Há um calendário para a aplicação dos planos de recuperação e temos consciência que temos que andar depressa para apresentar os planos , para ter o financiamento garantido. Vamos ver depois os calendários de implementação mas sei que há um grande empenho do lado português em avançar nestes projetos o mais rapidamente possível.

-Também está por resolver a suspensão do serviço Lusitania Expreso.

O Lusitania Expreso é uma questão entre a Renfe e a CP. A decisão da Renfe de suspender este serviço esteve acompanhada de outros serviços noturnos suspensos. Sei que estão a trabalhar para encontrar uma solução que fosse economicamente viável. É um comboio mítico

-O que vai acontecer agora?. Vai ser feita uma fiscalização para garantir o cumprimento do acordado na Cimeira?

Em Portugal já aprovamos a estratégia numa resolução em Conselho de Ministros e vamos agora aprovar um mecanismo de governação da estratégia para haver uma entidade responsável pela aplicação e da coordenação com o lado espanhol. Também para coordenar aos vários ministérios que vão participar na estratégia. E em Espanha estão a fazer o mesmo. Para Portugal são muito importante as comissões de coordenação regionais, os municípios e as associações de municípios.

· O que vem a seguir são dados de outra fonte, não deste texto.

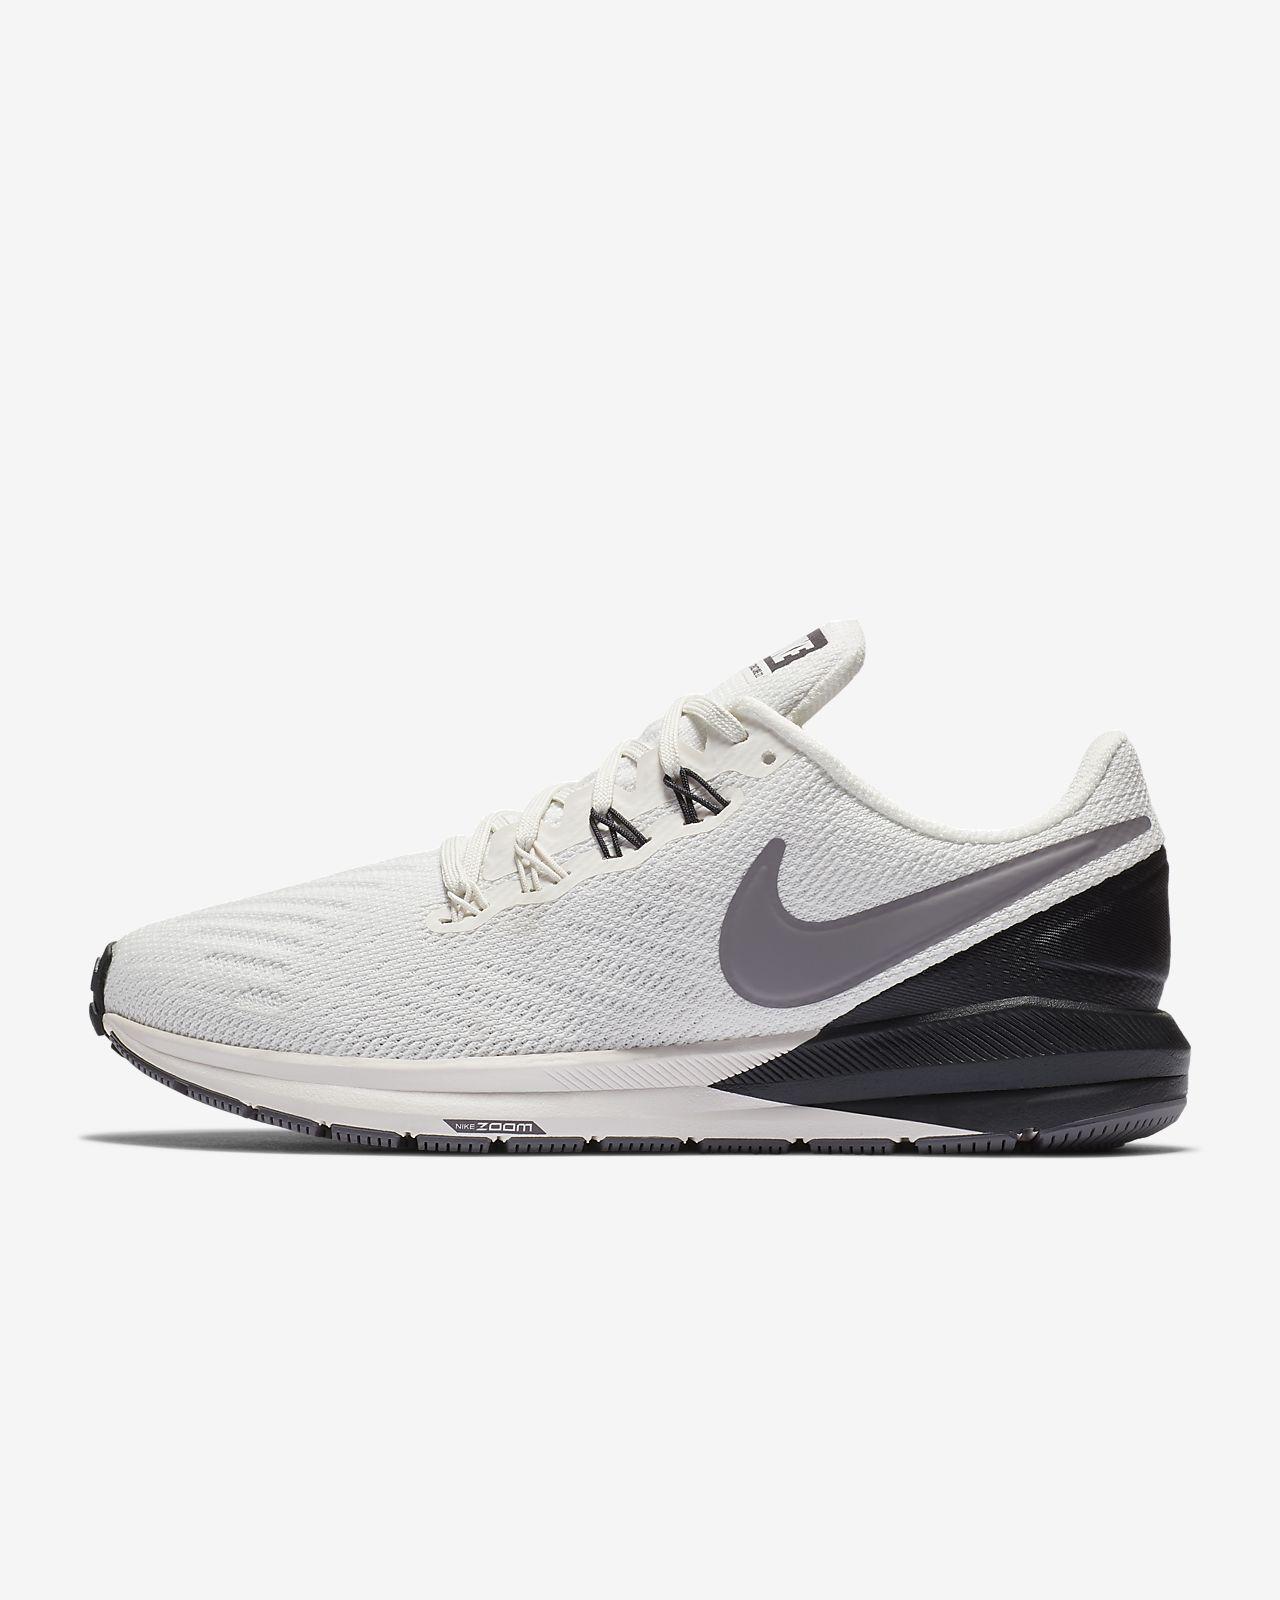 35d87a0c1a8 Nike Structure 22 Fr Zoom Chaussure Running De Air Pour Femme wAqSxZa

São todos os stakeholders desta estratégia, com eles vai ser feito o desenvolvimento em Portugal, e temos os canais de contacto com Espanha.

Além disso, na declaração conjunta da Cimeira da Guarda existe uma referência à criação de um órgão a nível político entre Portugal e Espanha para acompanhar a implementação das conclusões das Cimeiras. Queremos que se tornem realidade. Esse órgão está coordenado pelos ministérios de Negócios Estrangeiros dos dois países

-Quê papel vai ter o turismo na recuperação económica de Espanha e Portugal?

Olhando para as nossas economias o turismo tem um peso muito grande. Vamos ter que pensar, e podemos faze-lo em conjunto, como o turismo se pode adaptar a uma nova realidade. Não é ainda muito fácil mas sabemos que há uma procura de produtos turísticos diferente ao que estávamos habituados. As pessoas querem mais turismo de natureza, turismo de interior, cultural, em pequenos grupos, mais personalizados. Temos que ver como podemos adaptarmos sabendo que Espanha e Portugal, em conjunto, é o principal destino turístico na Europa e dos principais no mundo.